Schwartz Kevin L, Jembere Nathaniel, Campitelli Michael A, Buchan Sarah A, Chung Hannah, Kwong Jeffrey C
Institute for Clinical Evaluative Sciences (Schwartz, Jembere, Campitelli, Chung, Kwong); Institute of Health, Policy, Management, and Evaluation (Schwartz), University of Toronto; Dalla Lana School of Public Health (Buchan, Kwong), University of Toronto; Public Health Ontario (Kwong), Toronto Ont.
CMAJ Open. 2016 Aug 22;4(3):E463-E470. doi: 10.9778/cmajo.20160009. eCollection 2016 Jul-Sep.
Owing to the absence of a vaccination registry in Ontario, administrative data are currently the best available source to determine population-based individual-level influenza vaccination status. Our objective was to validate physician billing claims for influenza vaccination in the Ontario Health Insurance Plan database against the Canadian Community Health Survey.
We used self-reported seasonal influenza vaccination status of Ontario residents surveyed between 2007 and 2009 as the reference standard.

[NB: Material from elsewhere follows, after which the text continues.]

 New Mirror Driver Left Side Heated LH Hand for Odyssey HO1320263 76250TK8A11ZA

The survey responses were linked to physician claims database records to validate billing codes for influenza vaccination. We calculated sensitivity, specificity, positive predictive value and negative predictive value with 95% confidence intervals (CIs). We stratified the data by several covariates and comorbidities to determine stratum-specific performance characteristics. We used these estimates to adjust an estimate of influenza vaccine effectiveness for the 2010/11 influenza season.
For the 47 301 patients included in the analysis, the sensitivity for the billing codes was 49.8% (95% CI 49.0%-50.5%), specificity was 95.7% (95% CI 95.5%-96.0%), positive predictive value was 88.4% (95% CI 87.8%-89.0%) and negative predictive value was 74.5% (95% CI 74.0%-74.9%). Performance measures were optimized in patients aged 65 years and older, particularly those with comorbidities.

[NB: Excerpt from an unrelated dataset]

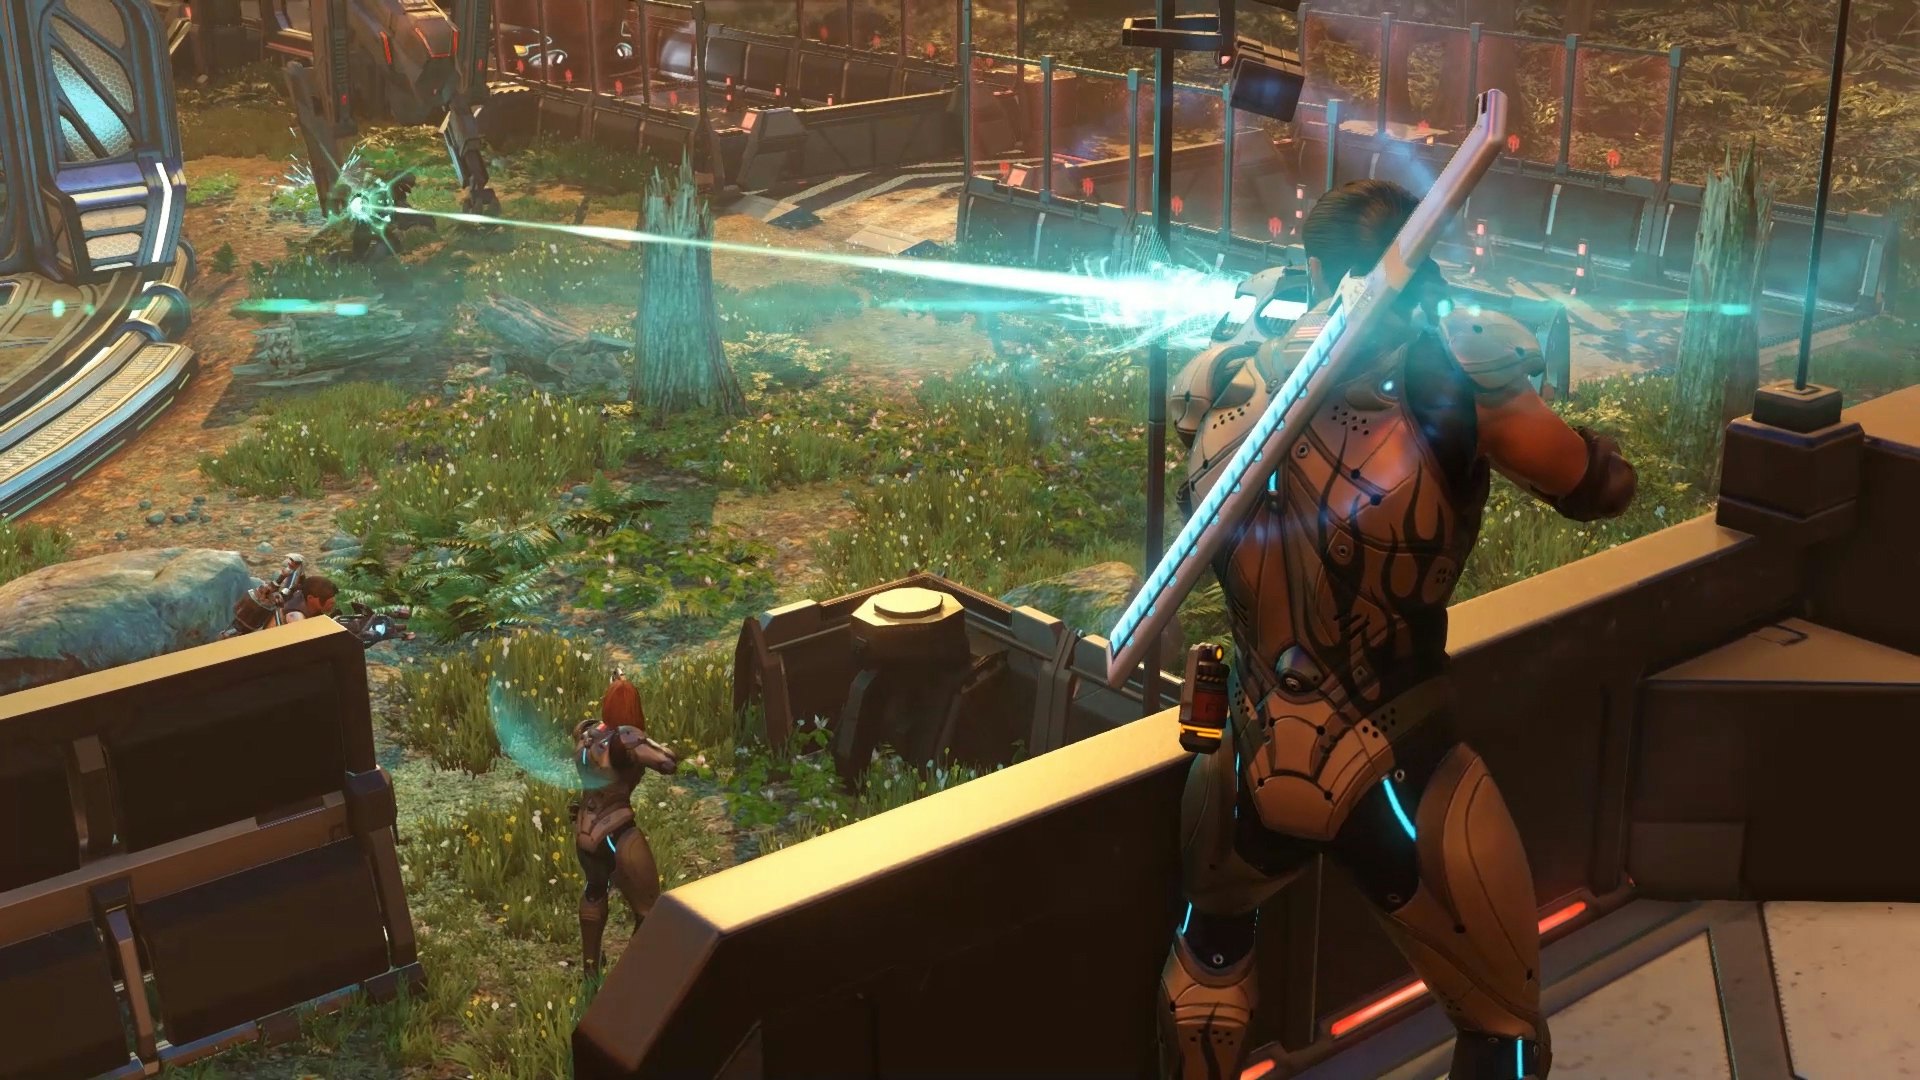 18 Tips to Beat 'XCOM 2' and Stop the Avatar Project

Although administrative data have limitations for determining influenza vaccination status, owing to the high positive predictive value, they are well suited for self-controlled study designs that are often used to assess vaccine safety. For studies of coverage and effectiveness, restricting the cohort to patients aged 65 years and older will minimize misclassification bias. Performance characteristics from this study can be used to mitigate misclassification bias.
由于安大略省没有疫苗接种登记系统,行政数据目前是确定基于人群的个体层面流感疫苗接种状况的最佳可用来源。我们的目标是在安大略省医疗保险计划数据库中,对照加拿大社区健康调查,验证医生开具的流感疫苗接种计费申请。
我们将2007年至2009年接受调查的安大略省居民自我报告的季节性流感疫苗接种状况作为参考标准。将调查回复与医生计费申请数据库记录相链接,以验证流感疫苗接种的计费代码。我们计算了敏感度、特异度、阳性预测值和阴性预测值,并给出95%置信区间(CI)。我们按几个协变量和合并症对数据进行分层,以确定各层特定的性能特征。我们使用这些估计值来调整2010/11流感季节流感疫苗效力的估计值。
纳入分析的47301名患者中,计费代码的敏感度为49.8%(95%CI 49.0%-50.5%),特异度为95.7%(95%CI 95.5%-96.0%),阳性预测值为88.4%(95%CI 87.8%-89.0%),阴性预测值为74.5%(95%CI 74.0%-74.9%)。65岁及以上患者,尤其是患有合并症的患者,性能指标得到优化。
尽管行政数据在确定流感疫苗接种状况方面存在局限性,但由于阳性预测值较高,它们非常适合常用于评估疫苗安全性的自我对照研究设计。对于覆盖率和效力的研究,将队列限制在65岁及以上患者将使错误分类偏差最小化。本研究的性能特征可用于减轻错误分类偏差。